Route looks rad. I’m a little surprised at the footage of the pre-placed gear on china doll, seems like you might as well clip the bolts?
I am really suprised to see mayan do something this ridiculous. Trad leading a sport climb on preplaced gear is ridiculous, unimpressive, and just plain arrogant and damaging.
It is riducous and unimpressive because.. well whats the point of climbing it with preplaced cams?? Unless you suck at placing gear and preplace a bunch of mank into the crack, this is exactly the same as climbing it on bolts. Furthermore, its not really more pure, since she probably used the bolts to get the gear up there to begin with. Even if not, the mere presense of the bolts presents her with a way to escape if she got skeched for some reason.
Also, doing shit like this is a quick way to possibly deface an already bolted route. The rock has already been permanently altered with bolts, why possibly add to the damage with a big old stuck cam or nut, or worse, break a handhold by stuffing a cam inside it?
Mike Patz did this, placing gear, years ago. Called it 5.14R and it was documented in the extras of “The Sharp End” DVD. Short of a deathfall potential even with perfect gear (like the recently bolted Shanti offwidth), bolting cracks is considered really bad form. Its a good watch that explains the concept, at the end even the first ascentionist says “man, its awesome to see that it goes like that, it takes to to that next level, where it short be. hell, take the bolts out”. Also, is this the standard or the full extension? The standard is bolted, the extension is a trad only rig, and ought stay that way:
To preface, I don’t think Mayan doing the route with preplaced pro needs to be justified at all – she can do whatever she wants, and i don’t see why someone having placed bolts should prevent her from climbing the route in a style she likes – even if it’s not the style of the FA. reminds me of the video of arnaud petit doing black bean in ceuse on gear. that’s on limestone, no less, but god damn if that is not one of the coolest videos i’ve ever seen.
SO despite thinking guidoprincess is wrong in principle, it appears she may also be wrong on a more objective level. From the wikipedia page on Mount Arapiles: “There is a strong tradition dating to the ’80s of bringing the route down to your level, and it is now commonplace to rap in and pre-place gear.” granted, the wording there is a bit bizarre, and wiki may be a dubious source. but at least there seems to be some evidence that mayan’s send is well within the ethic of the local area, so in short, princessguido’s confusingly negative post is a bunch of baloney
Great. im glad you cleared that one up. Now, since I can climb in whatever style I want, and bolting traditionally protected routes is bad forum, I am off to hangdog up your project at the Red River Gorge, ductape hooks to the fragile crimps on the way down, and start taking good old fashioned whippers! Who cares if I used the bolts to get up there in the first place, or that its a fragile route that im going to blow apart, its all about good style right?

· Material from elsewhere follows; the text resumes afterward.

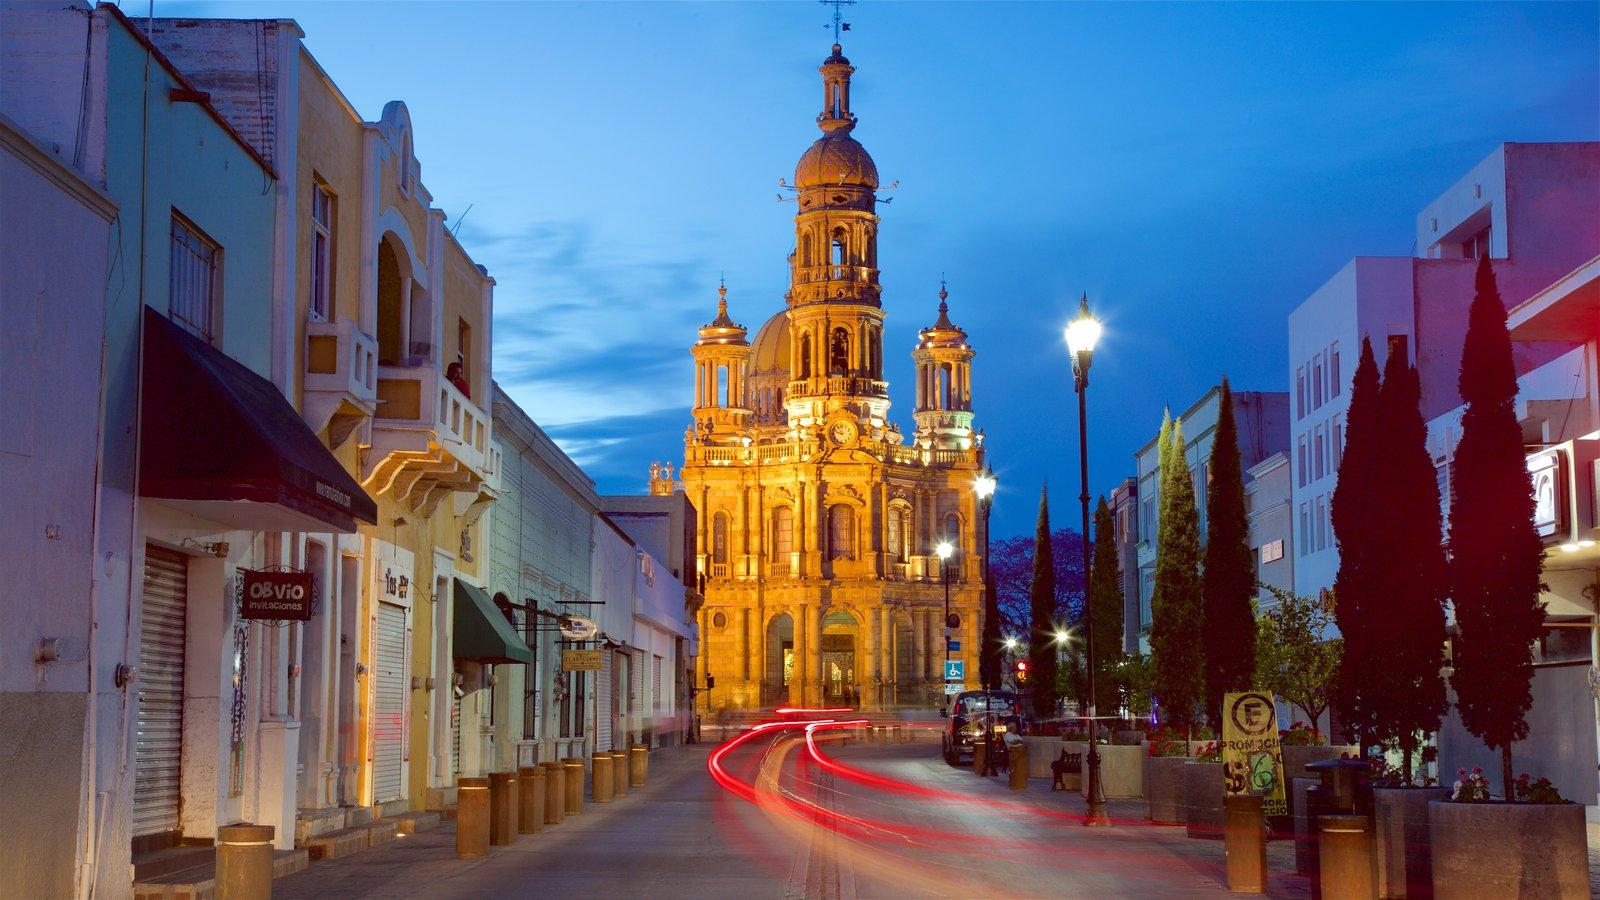 Plaza de Aguastaclientes

Guido – no disrespect, but you are not a nice person.
Dang…with all of those ticks on PITG, you’d think she really was in a gym.
Did I see a pink tick mark? Putting colored tape next to the good holds would be easier to remove.
The local ethic at Araps is the harder routes are mostly done with fixed (cause it’s never coming out) or preplaced gear. The pink tick mark is a piece of tape. Placed there by one of the Aussie girls working the route .
that video was very inspiring… I hate to be the one to ask this question, but how hold is myan?